It’s really hard for me to share things in my life that don’t go as planned.
I am constantly putting this pressure on myself to be a perfect mom, look perfect, have the perfect body, run a super successful business and live this perfect life all the time and it’s a lot.
I’m a perfectionist and my expectations of myself and how my life should be on a day to day basis are often unrealistic
I was recently reminded of this by the universe in a ways that really shook me up. Last week for example...
I had a miscarriage.
It’s uncomfortable for me to share this because in my mind I feel like I’m going to be judged or blamed or maybe people will think I shouldn’t be talking about this publicly or that I shouldn’t be upset because I already have 3 kids and should feel blessed with the family I have. [which I do feel blessed but I was still upset]
I think miscarriage and loss is something that isn’t talked about a lot but happens quite often and after talking with other women who have experienced this I realized so many of us blame ourselves and feel some shame...
I mean I eat healthy, I workout, I take care of myself how could this happen to me? That’s the thing I realized though. That’s the lesson I learned.
You can do everything “right” and really it doesn’t matter. There is always a bigger plan. Something else in the works and everything that happens in our life is happening FOR US, not to us.

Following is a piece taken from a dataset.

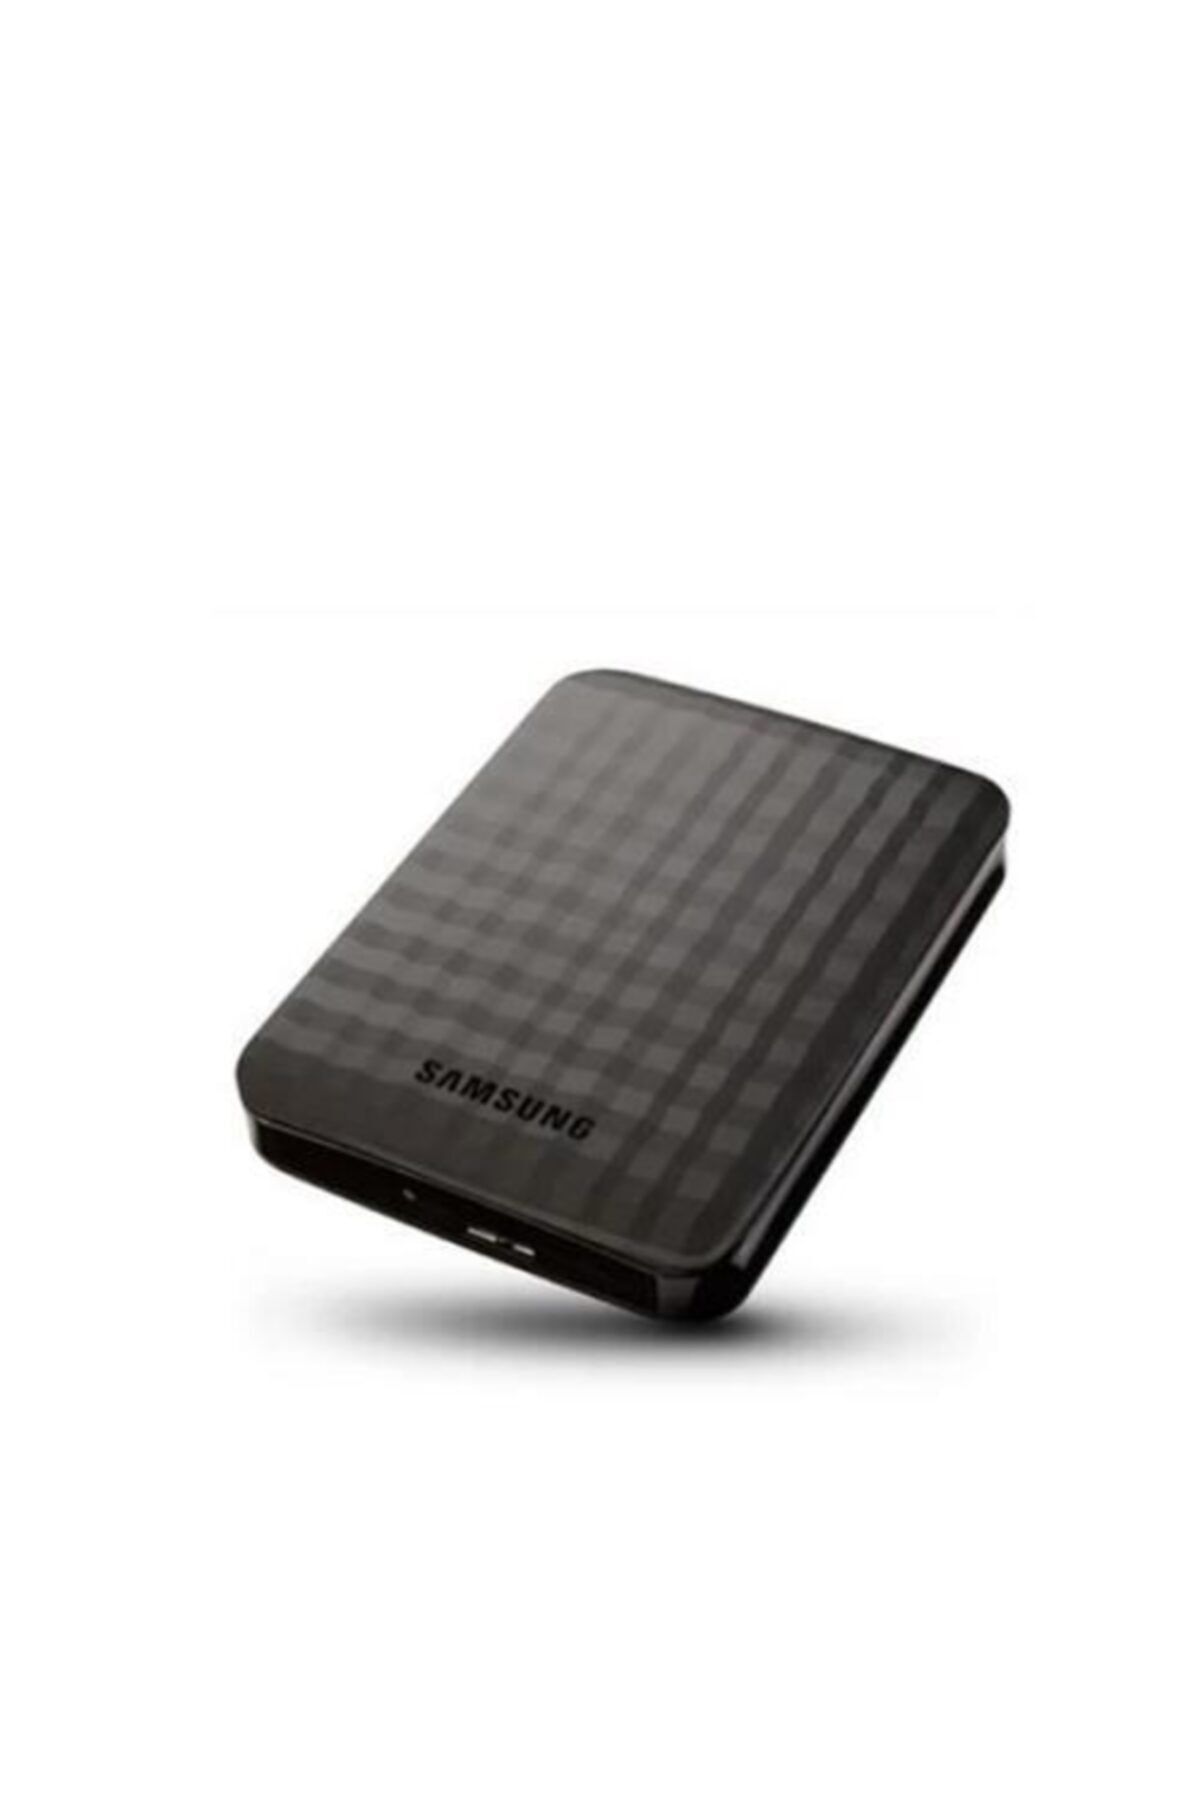 Samsung M3 Stshx-m320tcb 320 Gb 2.5" Usb 3.0 Taşınabilir Disk

So as much as this post is super hard for me to share, I’m f*cking sharing because I will not being held prisoner my my thoughts or by the feeling of shame that I’m trying to work through. I want to be able to freely talk about the hard things with others so that we can all be ok with sharing and talking about the hard things.
I want to be open and honest during my challenging times so that I can lean on others and have others lean on me during their hard times rather than bottle sh*t up and pretend it never happened. [like I use to do and many of women I know do]
So yea this is my story and why I haven’t really been posting and blogging much lately.
I feel ok and I’m continuing to heal and Ryan and I will most likely try for another baby soon.
So to all my friends out there thanks for listening and following along. I want to be transparent and real and will be using my social media platform and blog for that from here on out.